Dreiser’s “ Trilogy of Dreiser ” – The Financier (1912), The Titan (1914) and The Stoic (published in 1947) - shows a new development in his thinking. He had already found life to be meaningless, and morals to be absurd. Now under the influence of Niezshe, he stressed “the will of power”. The trilogy tells the story of F.A. Cowperwood, a superman of the modern business world. Although he is writing about the achievements of a single, powerful individual, Dreiser does not forget the basic principles of his naturalism. On the one hand, the author says that “the world only moves forward because of the services of the exceptional individual”. But on the other hand, Cowperwood is also a “chessman” of fate. Like Carrie, his success is mostly the result of chance.

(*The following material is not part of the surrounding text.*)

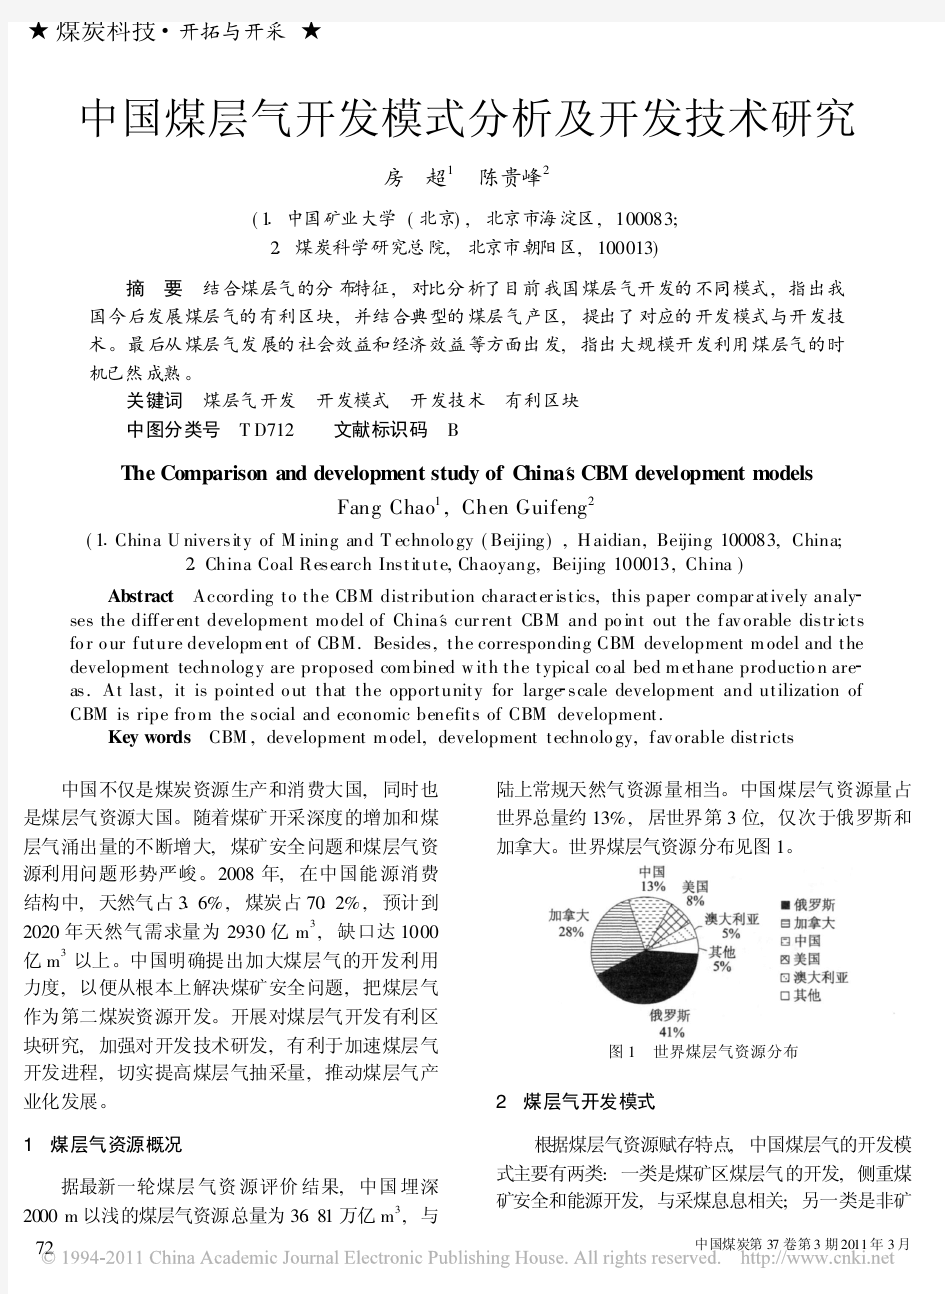 中国煤层气开发模式分析及开发技术研究

Dreiser’s greatest novel, An American Tragedy (1925), reveals a third stage in his thinking: social consciousness. Much more than in Sister Carrie, he sees his characters as victims of society. Clyde Griffiths, the main hero (or anti-hero), has the same dream as Carrie: he thinks money and success will bring him happiness. When a pregnant girlfriend threatens to destroy his dreams, he plans to kill her. At the last moment he changes his mind, but the girl dies accidentally anyway. The question is if Clyde is responsible for her death. This becomes the main point during his trial. The trial itself is not really fair. The newspapers stir up public anger against him. In the end, Clyde is executed. Dreiser believes that Clyde is not really guilty. Dreiser calls his novel a tragedy, and in certain ways it is similar to classical Greek tragedy.

Dreiser’s novels were very long. They were filled with details about factories, banks, cities and business life. Some people complained about his style. There were too many details, they said and the language was not clear.

Willa Cather (1873-1947) was more conservative. She disagreed with Dreiser’s criticism of the society and hated his “detail-piling”. She believed the novel should be without “social furniture” (details about business and politics). The author and reader should concentrate on the emotional life of the central character. Cather’s speciality was portraits of the pioneer men and women of Nebraska. She had grown up there, and the values of the old pioneer people were her values. Her famous short story Neighbor Rossicky is about the last days of a simple, hard-working immigrant farmer. After much struggle, he has a successful farm and a loving family. Then he dies and is buried in the Nebraska land he had loved so much. Cather’s most famous novels- O Pioneers! The Song of the Lark and My Antonia -all have the same Nebraska setting. Each is a success story. Between 1923 and 1925- in A Lost Lady and The Professor’s House- Cather describes the decline and fall of the great pioneer tradition. It is being defeated by a new spirit of commerce and the new kind of man: the businessman. The greed of such people is destroying. After 1927, with her famous Death Comes for the Archbishop, Cather turned to historical fiction. In writing of the past she was trying to escape from the ugliness of the present.

Ellen Glasgow (1874-1945) is often compared with Willa Cather. Both novelists examined the problem of change. Glasgow, who grew up in Virginia, spent her life writing novels about her state’s past. The Battle-Ground (1902), The Deliverance (1904), Virginia (1913) and Life and Gabriella.